Geißraute

Nicht überall, aber in manchen Regionen wie bei mir wächst sie in Hülle und Fülle am Straßen- und Wegrand, entlang von Äckern und Wiesen: die Geißraute (Galega officinalis), auch Geißkraut, Geißklee, Ziegenraute, Ziegenkraut oder Ziegenklee genannt. Was hat denn dieser Schmetterlingsblütler, der mal weiß, mal cremefarben, mal zart rosa, mal hell wasserblau, mal fliederfarben blüht, mit Geißen bzw. Ziege zu tun? Und warum trägt er das Attribut „officinalis“ im botanischen Namen, was aus eine Verwendung in der Heilkunde verweist?

Für Futter und Energie

Galega, der Gattungsname, leitet sich ab von griech. gala = Milch und lat. agere = bringen. In alten Schriften wird berichte, dass die Pflanze die Milchbildung anregt – aha. Sie wurde wohl auch als Futterpflanze angebaut. Aber dann lese ich, die Geißraute sei stark giftig, insbesondere für Säugetiere? Weil sie bitter schmeckt, lassen sie die meisten Weidetiere zwar stehen, doch Schafe fressen sie und bekommen oftmals Vergiftungen. Hat da jemand was verwechselt?
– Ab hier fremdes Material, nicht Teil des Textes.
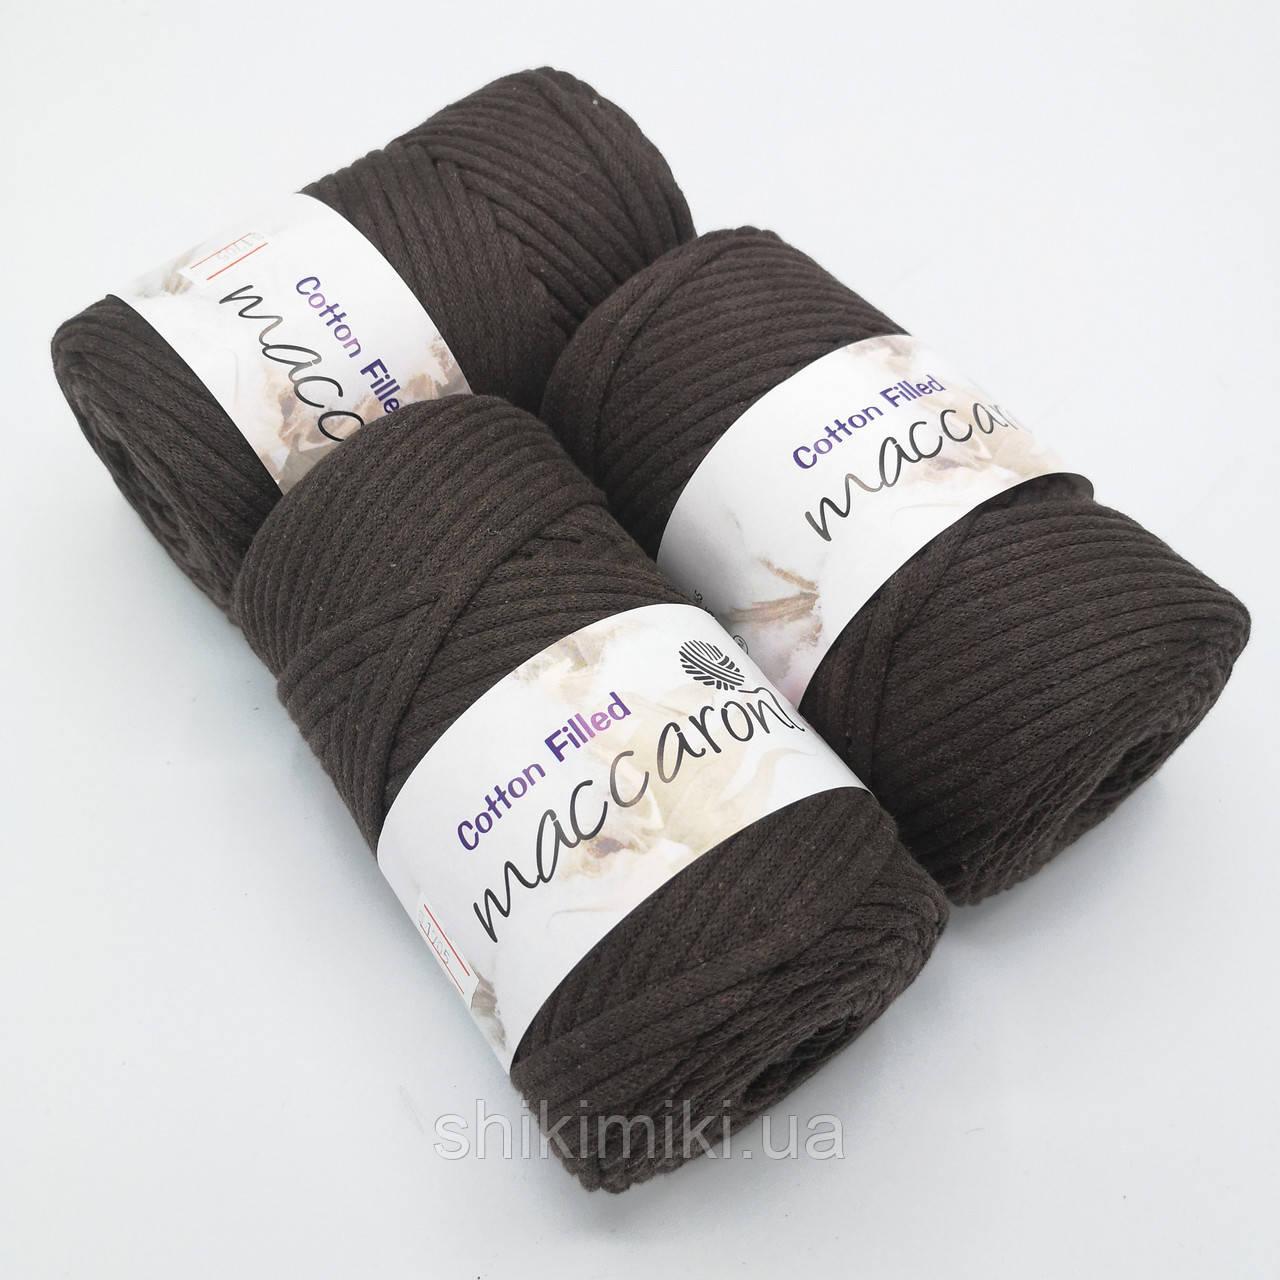 Трикотажный хлопковый шнур Cotton Filled 5 мм, цвет Шоколадный

Kaukasus-Geißraute (Galega orientalis)

Wahrscheinlich, denn als Futterpflanze wird vor allem die violett blühende Kaukasus-Geißraute (Galega orientalis, Östliche Geißraute, Futter-Galega; ähnelt eher einer Lupine) genutzt, die nicht über die giftigen Alkaloide wie ihre nahe Verwandte verfügt. Tatsächlich wird die Kaukasus-Geißraute hie und da als dauerhafte, trockenheitsverträgliche Feldkultur angebaut – sie liefert über Jahre sehr ertragreich eiweißreiches Tierfutter, aber ebenso eignet sie sich zur Erzeugung von Energie (Biogas).

Gegen Pest und Diabetes

Volksnamen wie Suchtkraut, Pestilenzkraut, Pockenraute oder Fleckenraute für die Geißraute deuten an, dass dieses Kraut einst gegen allerlei Krankheiten eingesetzt wurde, daher auch der Artzusatz officinalis. Getrocknetes Kraut der Geißraute wird auch heute noch angeboten – der Tee daraus soll Harnwegsinfekten helfen oder die Milchbildung während der Stillzeit ankurbeln. Besonders erwähnt wird, dass die Pflanze den Blutzuckerspiegel senken soll – also besonders zur (unterstützenden) Behandlung von Diabetes geeignet sei. Aber wie war das doch gleich? Geißraute ist doch giftig! Es heißt zwar, dass sie für Menschen nicht so gefährlich ist wie für Tiere – ABER: Fachleute warnen davor, Geißraute über längere Zeit und/oder in höherer Dosierung einzunehmen!

Ursprung eines bedeutenden Medikaments

In Geißrauten stecken Inhaltsstoffe wie Phytosterole und Flavonoide, dazu Guanidin-Abkömmlinge und Alkaloide. Galegin wurde volksmedizinisch wie auch in der Diabetologie zu Beginn des 20. Jahrhunderts gegen die Zuckerkrankheit eingesetzt. Basierend auf der chemischen Struktur des Galegins entwickelte man in den frühen 1920er Jahren Anti-Malaria- und Anti-Grippe-Mittel. Während der Anwendung bemerkte man, dass der Blutzuckerspiegel der Patienten gesenkt wurde. In den 1950er Jahren entstand Metformin, bis heute eines der wichtigsten Medikamente zur Behandlung des Typ-2-Diabetes.

Zum Abnehmen

Gewicht reduzieren, ganz einfach über eine Heilpflanze, die man als Tee trinkt, in einen Oxymel einfügt, als Pulver in einer Kapsel einwirft. Sehr gesucht – und bis heute nicht gefunden. Der Geißraute wird nachgesagt, dass sie bei der Gewichtsreduktion helfe, als Appetitzügler wirke. Das ist weder erwiesen noch ratsam, denn es gibt keine verlässliche Studie, die der Geißraute eine Unbedenklichkeit bei der Verwendung bestätigt. Vielmehr besteht ein Risiko, dass die Geißraute dann doch schädlich wirkt. Es wäre auch viel zu schön um wahr zu sein, dass ein Kraut am Wegesrand solche Probleme löst. Eher sollte man an die Beutelschneider am Straßenrand denken, die einem mit solchen Sprüchen „Geißraute, DAS Abnehmkraut“ nur das Geld aus der Tasche ziehen.